You could disconnect the tone stack to see if it's sapping your bass strength.
Disconnect either end of that 10k resistor shown near the bass control on the schematic and turn the bass all the way up.
I guess you don't have an oscilloscope and signal generator. You're missing out if not!
Ages ago i built an amp based on vox ideas, a friend found an old radio with a couple of good transformers and i went from there.
I remember messing with cap values and that 10k resistor for quite some time.
Other fun things with vox circuits- see if you can find a schematic of an ac30 top boost and look at the "cut" control. It's the simplest but most effective control ever!
Ok maybe the volume control has it beat- but the cut control rounds off the harsh corners happening to the waves are they go into diode clipping when the power tube is pushed beyond reason, which is the very reason for a small amp!
I have not tried a cut on a single ended amp, so maybe it won't be as effective, since only positive going half cycles are due to get clipped by driving the grid of the power tube higher than the cathode.
Another super easy swell thing to try is triode mode for the output tube. Simply apply your safety skills to prevent being shocked by leftover charge in the power supply and locate the 470 ohm resistor that connects the power pentode's screen to the B+ supply. Disconnect the end of the resistor from B+ and connect it to the plate connection of the pentode. I demonstrated this to the guy for whom i was building the trash can amp and he liked it, so I had to scrounge up a switch that could deal with the voltage and make it a feature. Easy to find now, back then pre-internet, whew.

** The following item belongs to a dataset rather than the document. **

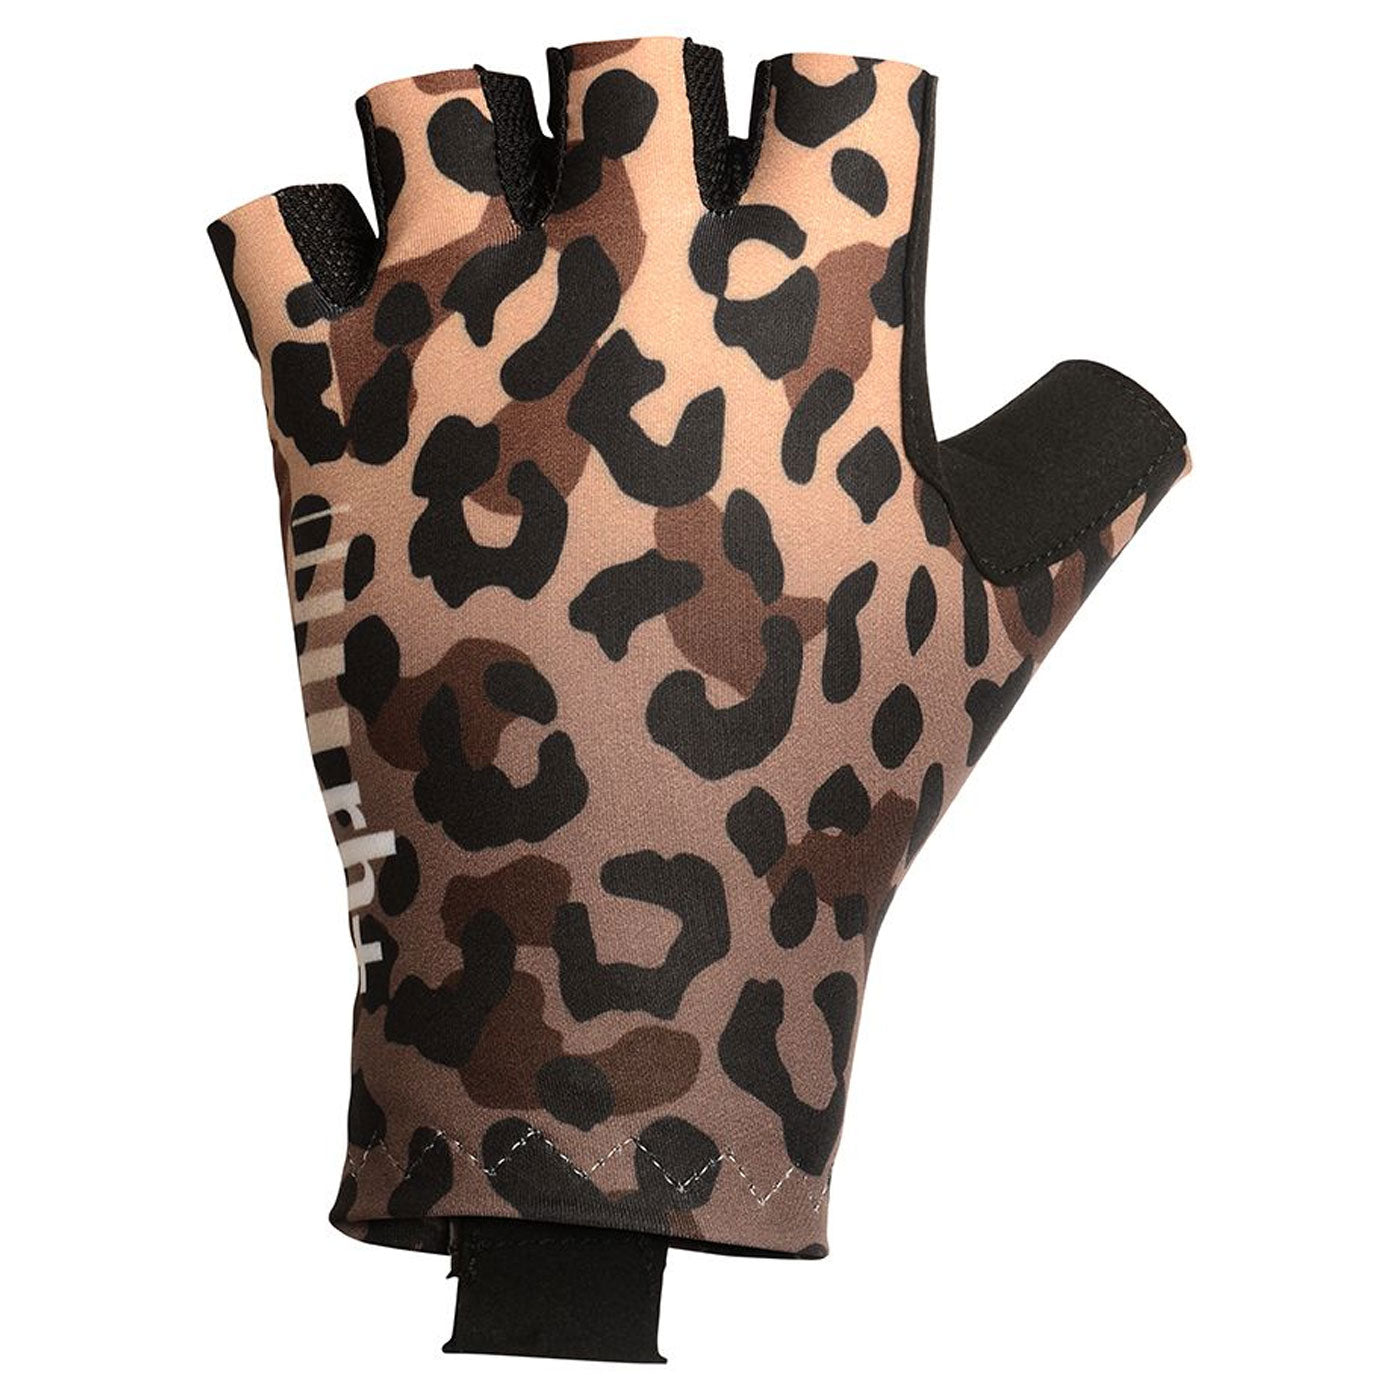 Rh+ New Fashion gloves - Brown

In triode mode the output impedance of the tube is much lower, and the transfer characteristic is well, that of a triode instead of the transistor like pentode curve.
The input capacitance is greater though, so the treble will be attenuated for a given tone setting, making you jones for the bright cap, but f you dime the volume the bright cap wouldn't have mattered. Also there is less power in triode, but still cool..
As to bias, I haven't messed with my Ac4 yet, but I did go through another 5 watt el84 rig, the crate v5. I found it biased hopelessly cold (too high value for cathode resistor) along with other problems. I did a thread about it here somewhere long ago, now missing it's pictures.
To bias that amp, i used alligator clip leads to parallel various resistors across the cathode resistor of the power tube.
The bias voltage decreases as the value of the cathode resistor combination is decreased, causing increased idle current. The sound absolutely gets better as the bias is made hotter (smaller cathode resistance), but so does hum and if you go too far, the screen starts to glow red.
Once you find the magic combo of resistance that has the screen not glowing when viewed in a darkened room, and you can live with the hum, you can either replace the single cathode resistor with the ohm value of the parallel combination, or add a resistor in parallel to make the value, solder the thing on top of the original if you want, that way the original is still there for the future.
With no feedback, hum is gonna be a problem with this amp, but I find with single coils, if I stand just right, the two wrongs sometimes make a right.